Second, let’s be honest on both sides of America’s great racial divide. Georgetown Professor Michael Eric Dyson and former New York Mayor Rudolph Giuliani were both right in points they espoused during an explosive exchange in a recent “Meet the Press” episode.

Giuliani called attention to the unacceptably high level of crime carried out by and against black people by other black people. Dyson challenged Giuliani’s observation, pointing out that the mayor’s comments seemed to draw a “false equivalency” between “black-on-black” crime and improper police tactics.

Police are sworn to uphold the law, which includes ensuring each person is treated equally under the law. Profiling and other means of applying stereotypes to certain types of persons on the basis of how they appear, as opposed to how they behave, is inimical to the very foundations of our democratic republic.

However, African Americans must be the leading edge for the calls to reduce the unacceptably high levels of crime to which we are subjected at the hands of other blacks. Nothing Giuliani said offended me because it was the truth, which I was told as a child, sometimes hurts. How he said it was inflammatory, not what he said.

My family and I returned to China in October to accompany the Sacramento Kings. Both of my young adult sons accompanied me. Although they traveled around China largely on their own, during all hours of the day and night, I slept each night without worry.
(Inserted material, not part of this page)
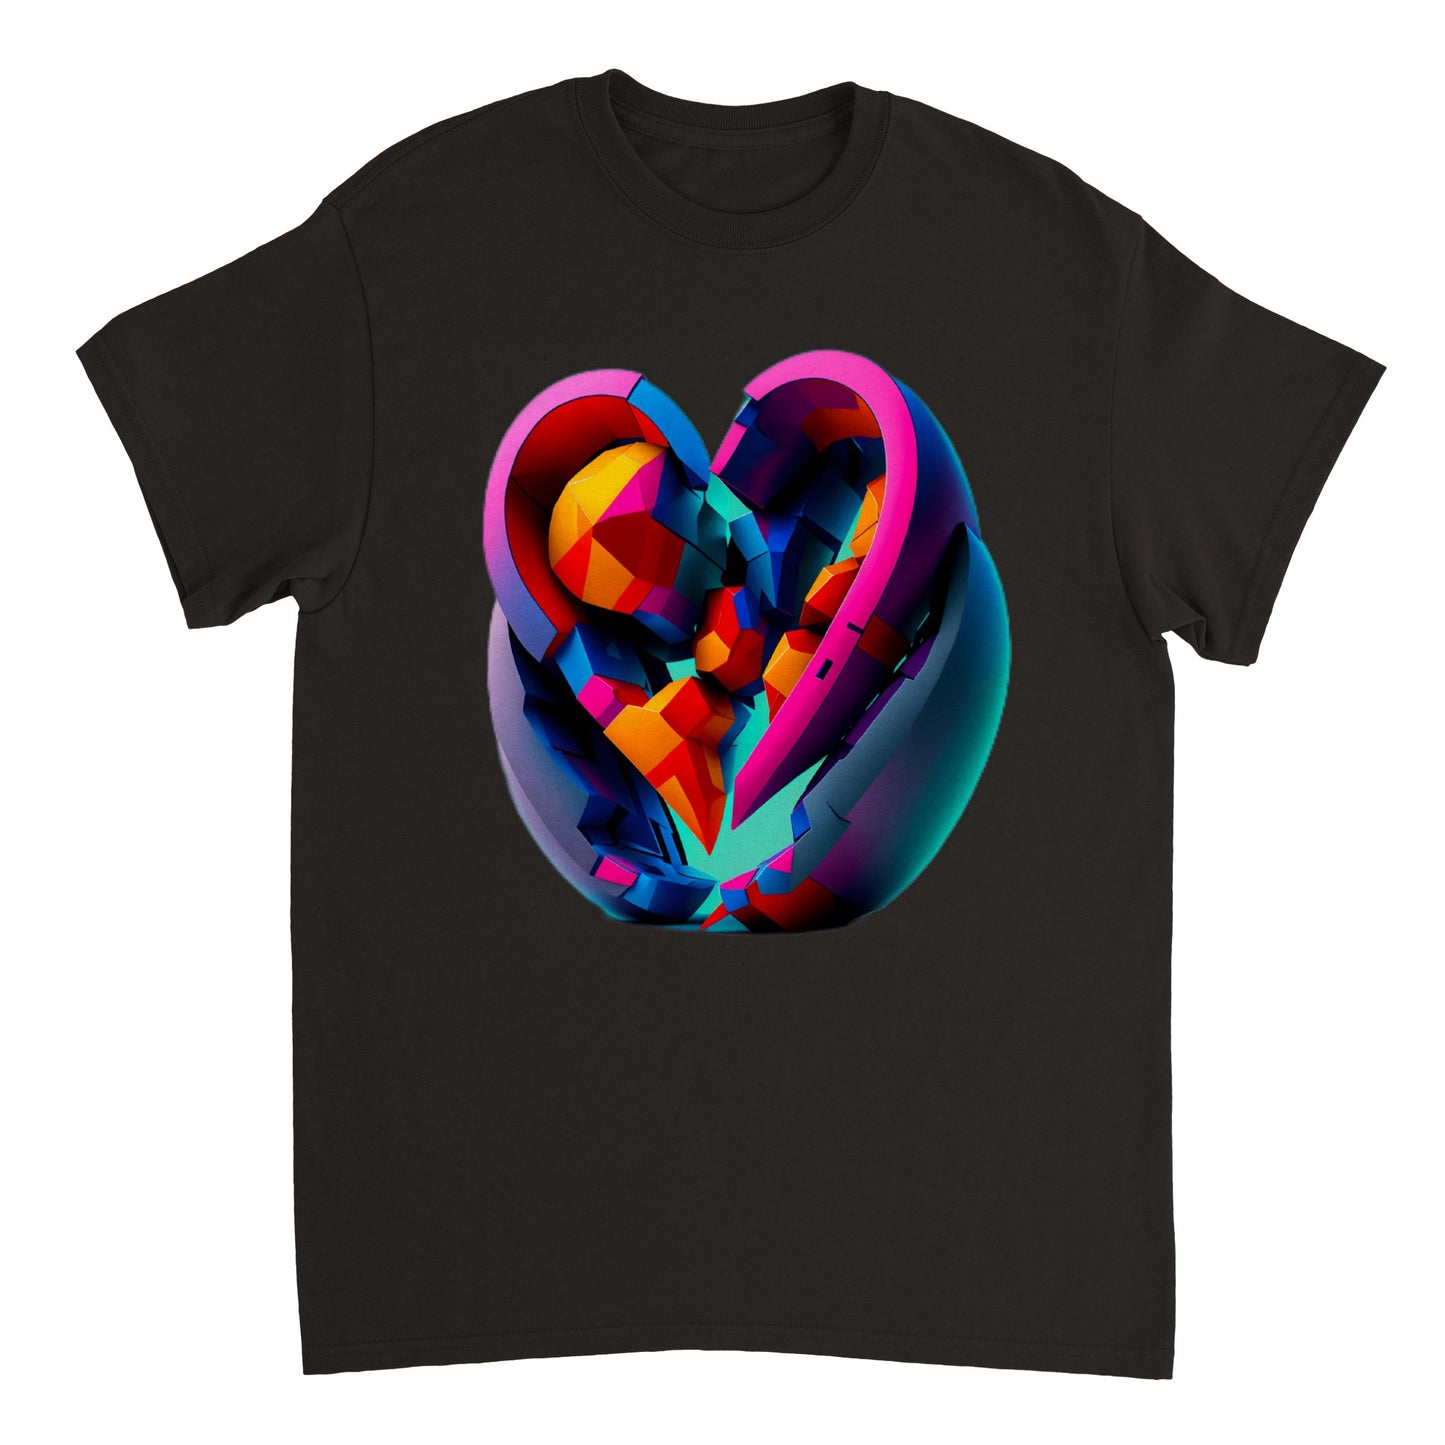 Love Heart - Heavyweight Unisex Crewneck T-shirt 30
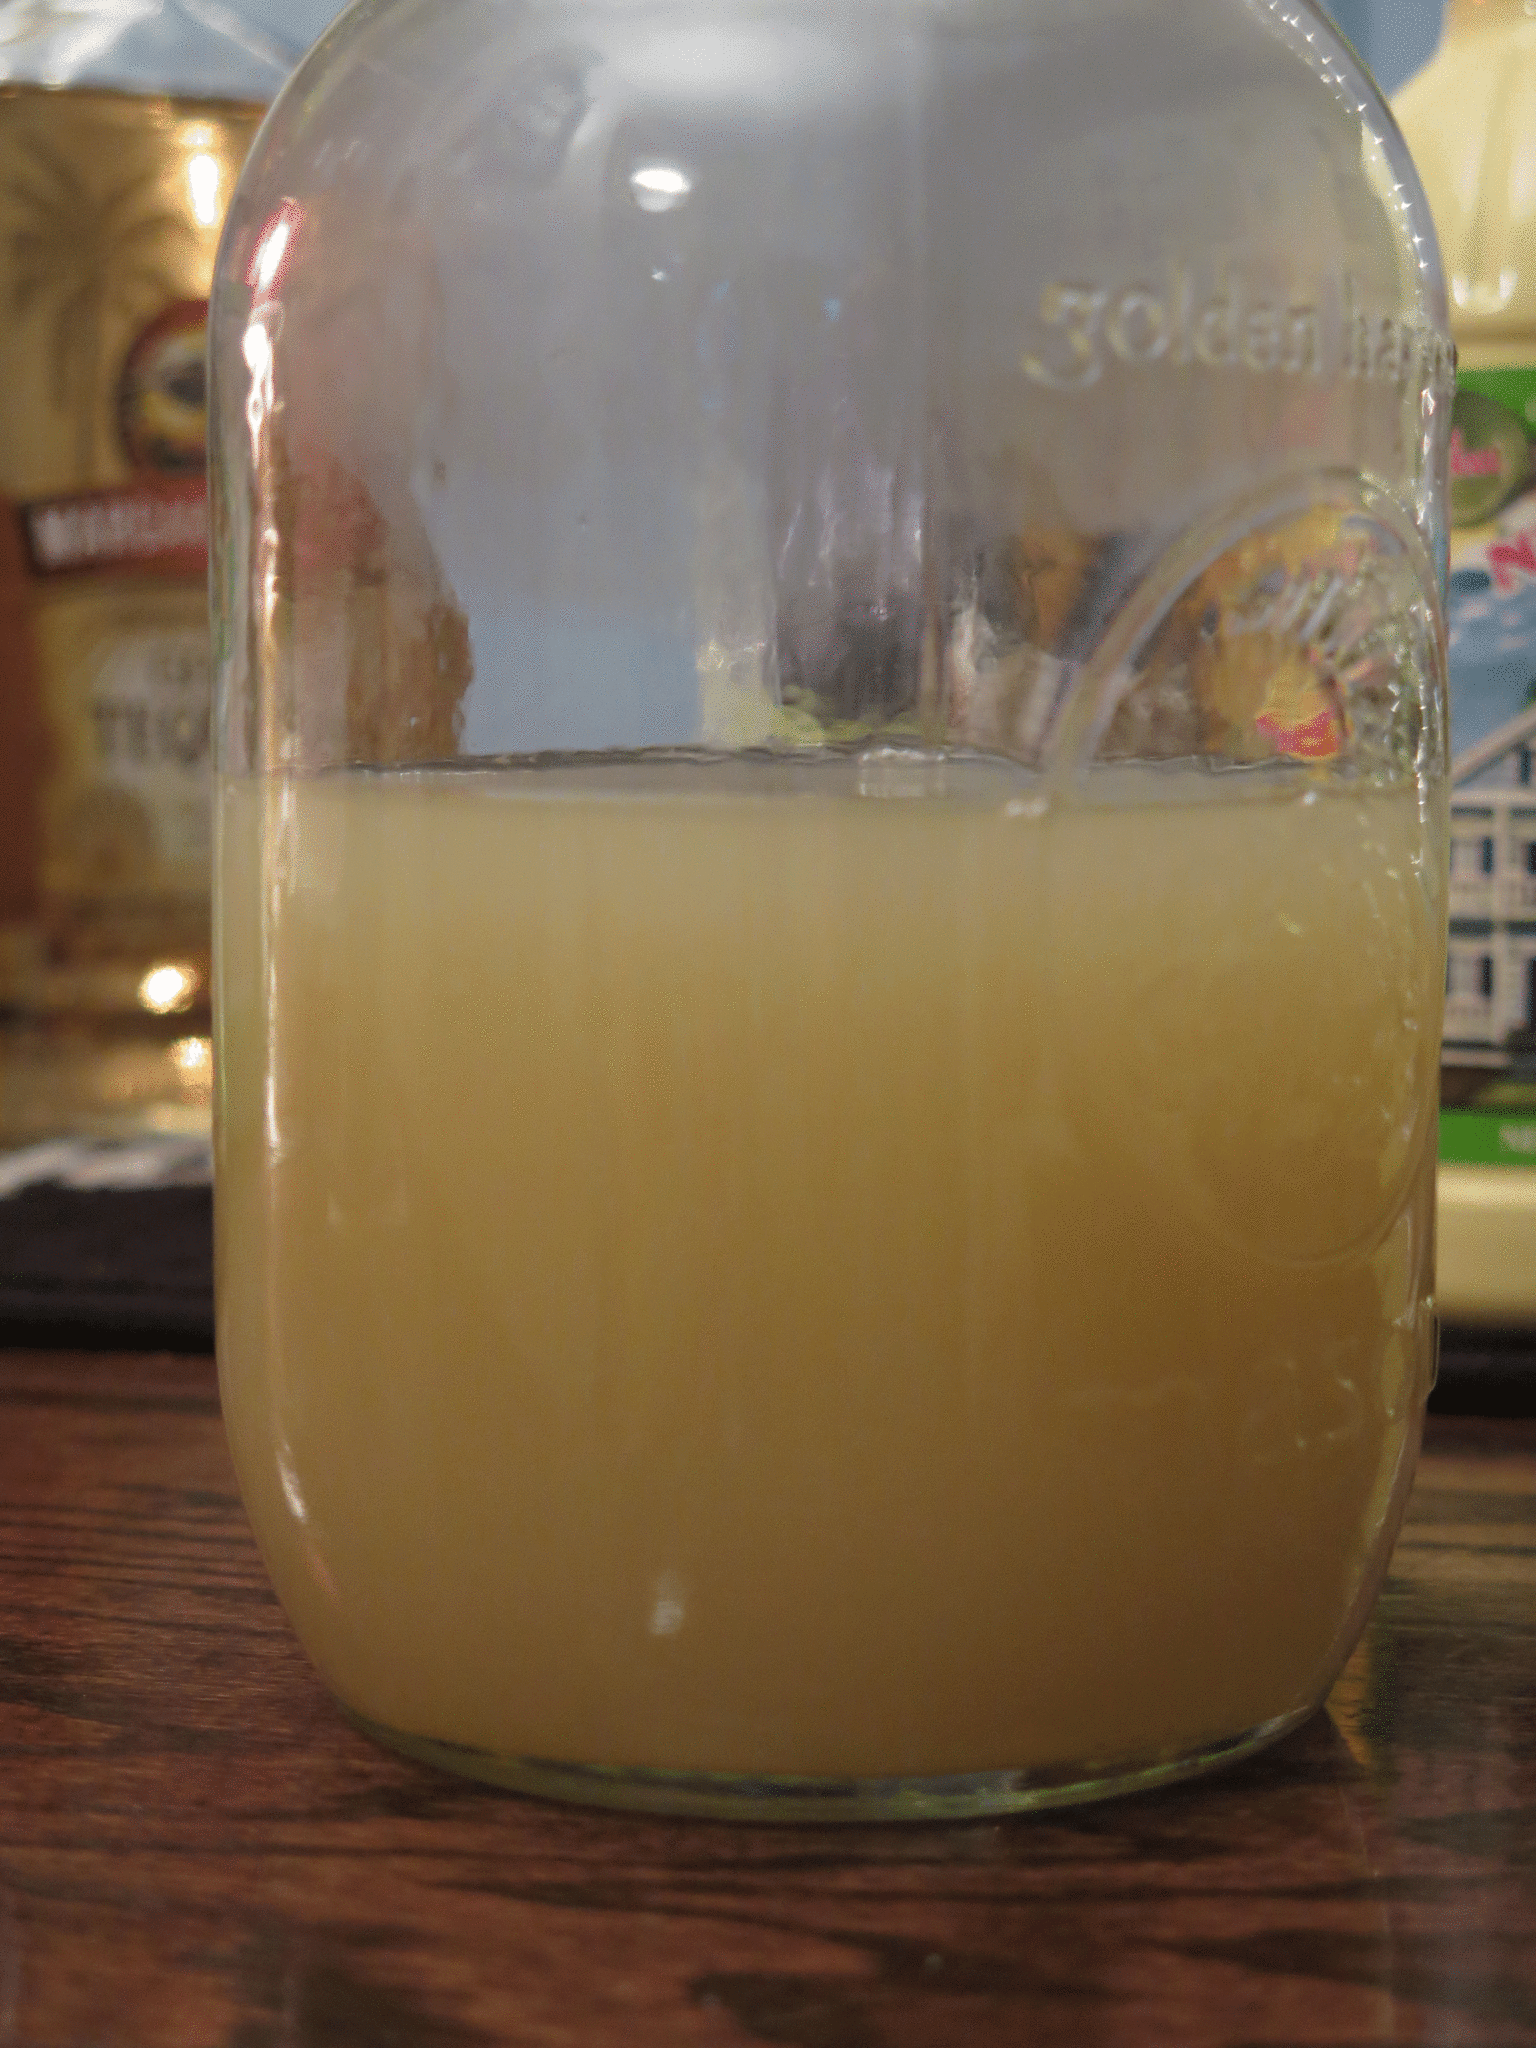 Homemade Margarita Mix

I find it reassuring to my American patriotism that the media have been full of videos and photographs showing a kaleidoscope of a uniquely American amalgam of diverse ethnic faces underneath outstretched arms holding up “Black Lives Matter” banners while chanting “Hands Up, Don’t Shoot.” As an ongoing tidal wave of unrest envelops our nation, “My country, ’tis of thee, sweet land of liberty” resonates in my head as I attempt to reconcile how I, as a black man, continue to embrace the red, white and blue, while time and time again it fails to embrace me back.

It is because of the faith I have in America that I have a higher expectation of America.

Mark T. Harris teaches management at the University of California, Merced, and is an attorney in Sacramento, where he is president of New Faze Development. He is a graduate of the University of California, Berkeley’s Boalt Hall School of Law. As a Berkeley student, he served on the City of Berkeley Police Review Commission.